While briefly on Phuket they were allowed no contact with NGOs, no chance to press their case for refugees status, just carried off Phuket sometime in the dark last night.

In secrecy and contrary to international standards, Thailand is once again pressing the boundaries of how nations should deal with unexpected immigrants who arrive by sea.

This is a cause for considerable alarm because, although the details of the group were recorded at Chalong Police Station and again at the Immigration HQ in Phuket City, we were unable today to obtain a list of the names of the men and boys on the boat that landed on Phuket.

Aid agencies are perhaps even more alarmed by the lack of transparency in the process. But so far, there is no indication that the boatloads of Rohingya arriving along the Andaman coast, on Phuket and north and south of Phuket, are being mistreated.

The Royal Thai Navy has given an assurance that it is aware of the need for UN human rights standards to be maintained. Whether this is possible under a policy where there is no transparency is a moot point.

We cannot forget 2009 when the then Thai government secretly repelled unwanted boatpeople with the ''pushbacks'' policy, leading to the deaths of hundreds at sea.

The last known boatload of Rohingya to land on Phuket - about this time last year - were held in detention for several weeks before they also disappeared.
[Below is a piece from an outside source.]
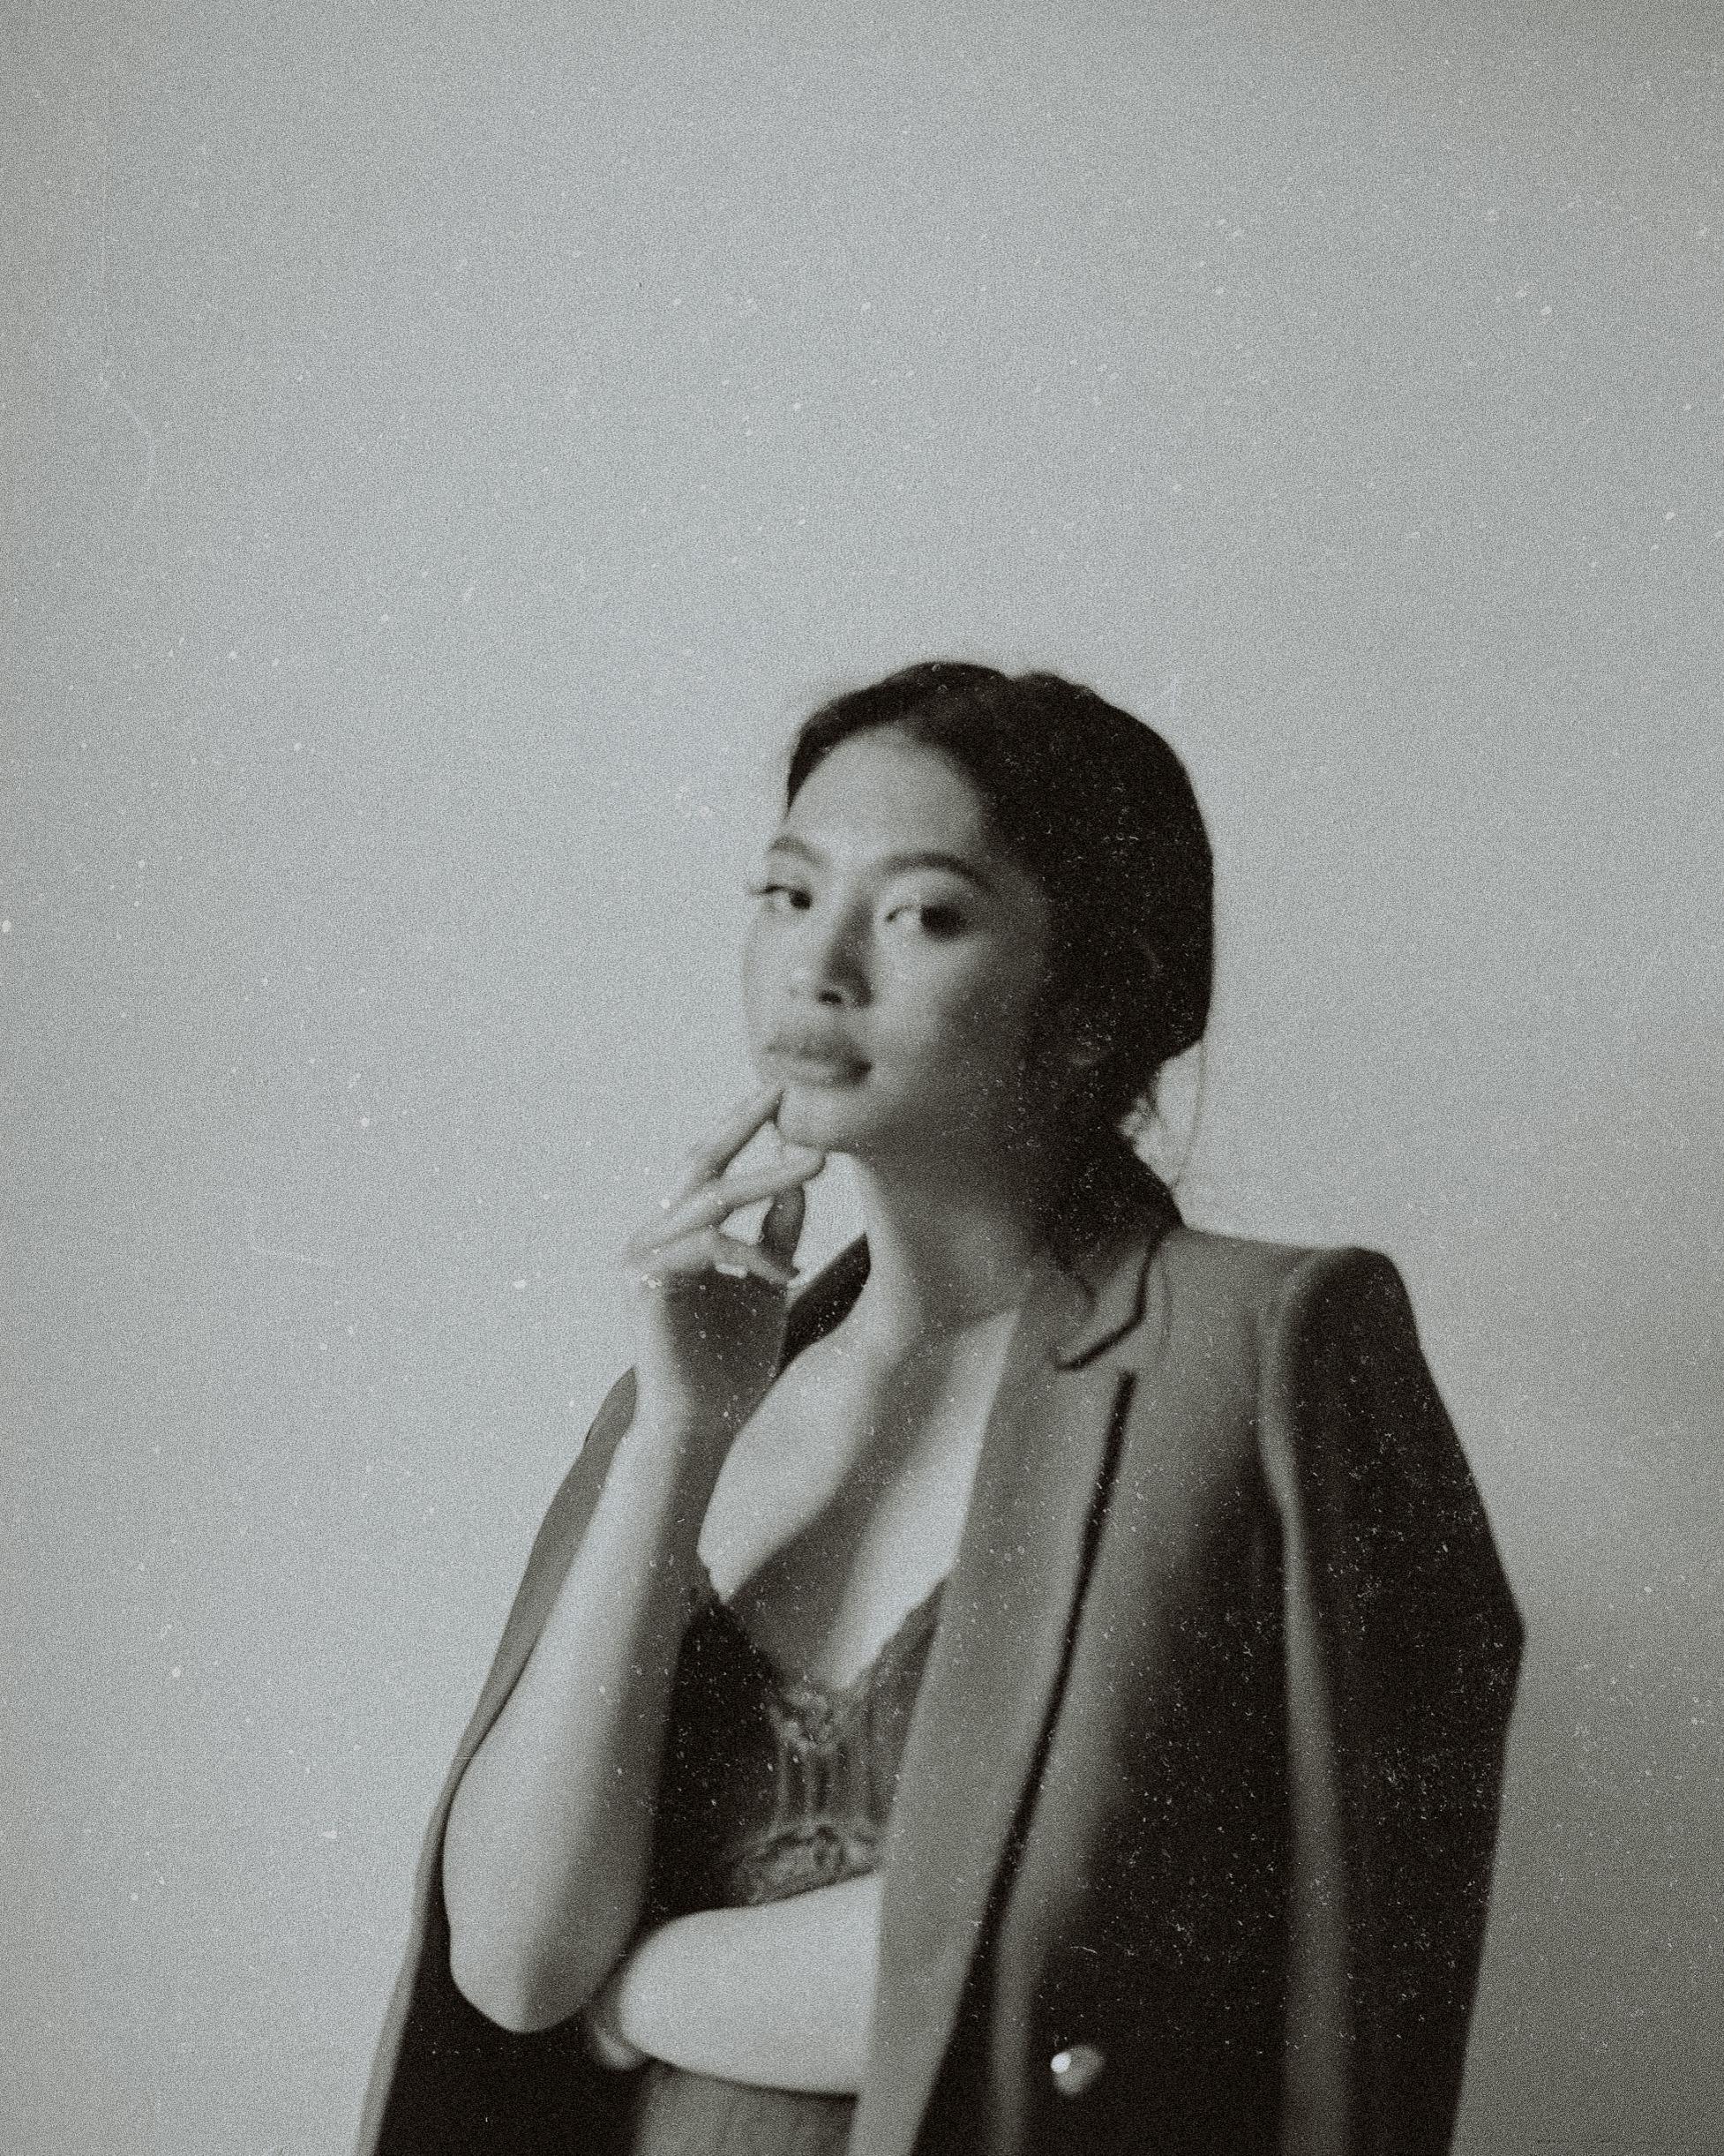 Soft focus film portrait - Jonny Noakes Photographer & Filmmaker
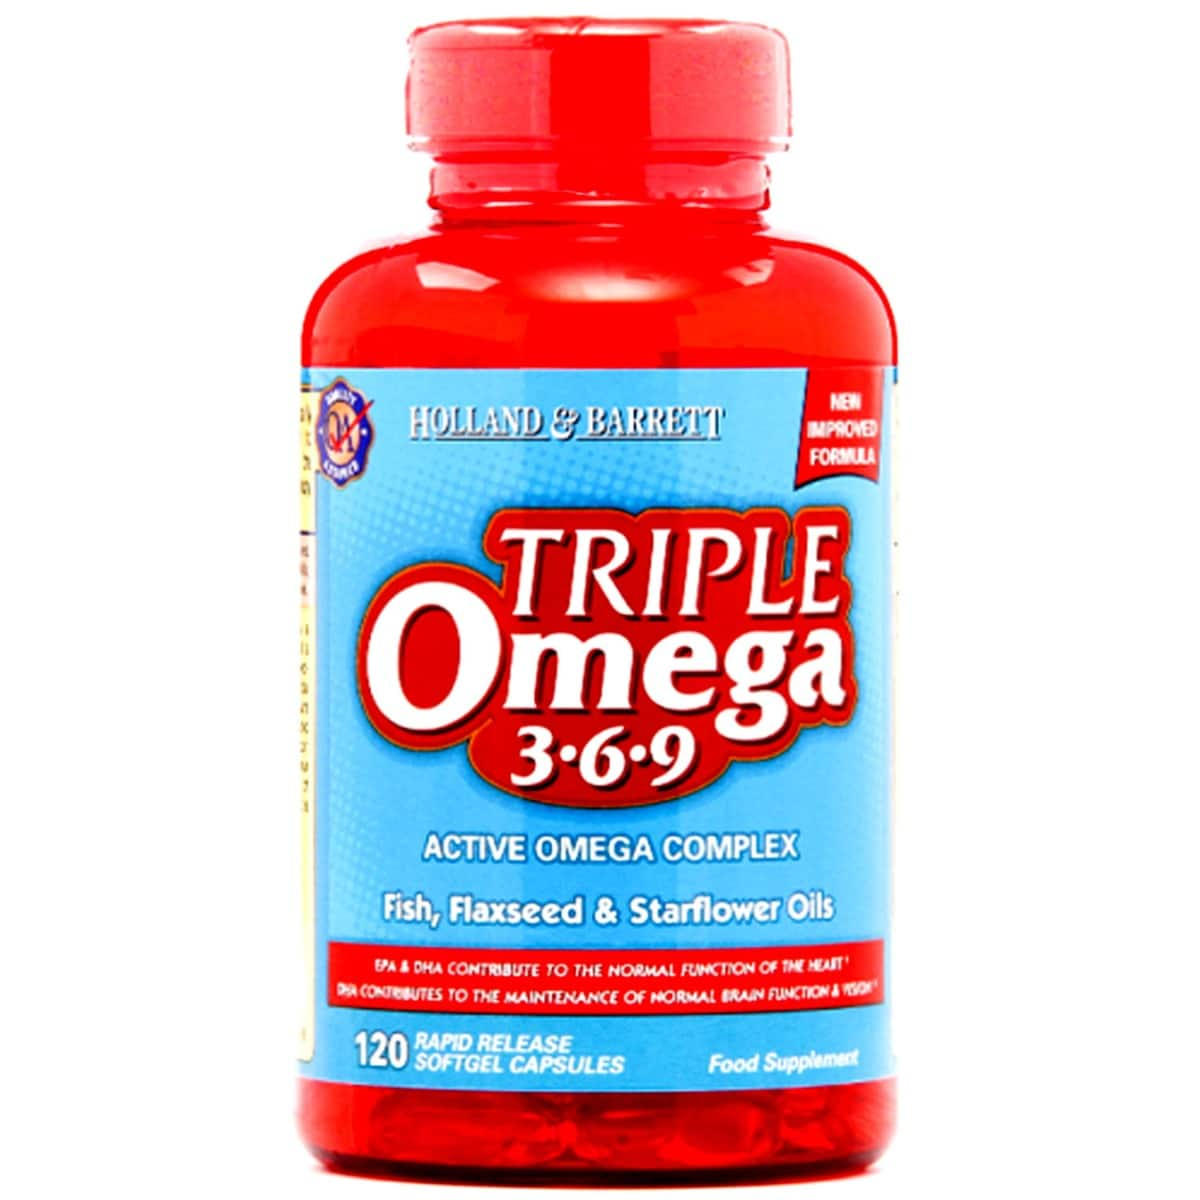 Holland & Barrett Triple Omega 3-6-9, 120 Capsules, Pack of 1

There is no suggestion of misdeeds. But it is believed the unwanted Rohingya, with no Burmese citizenship and therefore no hope of being returned to their homeland, are being tacitly handed back to people-smugglers.

Despite the Rohingya being among the most downtrodden people on the planet, the nations now engaging in conciliatory talks with Burma appear to be prepared to led concern for Burma's worst act of repression and subjugation slide for the time being.

We hope this attitude does not cost any lives.

We also are reminded of a less-than-prophetic paragraph that appeared in a local tabloid on January 28, 2009, soon after Phuketwan and the South China Morning Post revealed the reprehensible ''pushbacks'':

''Despite some rather dramatic 'reports' and opinions offered in local blogs and chat rooms, most resort managers and tourism officials contacted say they are not expecting the arrival of the Rohingyas on Phuket's beaches any time soon.''

Do not expect an upsurge of concern about the missing boatpeople.


Comments have been disabled for this article.


I came in contact with these people (a boatload of 42 males) when their engine broke down passing the Myanmar gas field I used to work in about 7 years ago. They spotted the platform flare at night & manged to row into the field to seek assistance. After providing them with food, water & medical aid, the Myanmar Navy were called to 'rescue' them. My Myanmar colleagues informed me that they were not really Burmese (Myanmar), but Bangladeshi. Most could not speak any Burmese & few had any documentation & certainly not Burmese I.D. They were apparently trying to get to Malaysia where they were going to seek work. I subsequently asked my colleagues what had happened to them & was told they were still being held in prison. That was more than 1 year later. It appears these unfortunate people have no rights & no protection from any source, being systematically persecuted equally by Myanmar & Bangladesh. It appears that Thailand is no more sympathetic to their plight. I would fear for these poor unfortunates who landed in hope on Phuket.

Posted by Logic on February 28, 2012 00:03


I cant help but wondering why you always refer to the 2009 case? and how could you be sure that this boatload as well as the previous ones are exclusively Rohingyas when you didnt have a chance to interview all of them.

Posted by James on February 28, 2012 22:29

Editor Comment:

We always refer to 2009 because it's a historic marker that demonstrates how swiftly a non-transparent policy can deviate into a breach of human rights. The policy is no clearer now than it was then.
The people from the boat are described in paperwork as Burmese. The odd thing is, they all speak Arakanese, the language of the Rohingya, and a translator who speaks Arakanese is required to interpret for them. In the past, Bangladeshis usually declare themselves after arrest because they will eventually be returned home. So far as we have been able to tell, the boatload is all ''Burmese'' who can only speak the Rohingya language.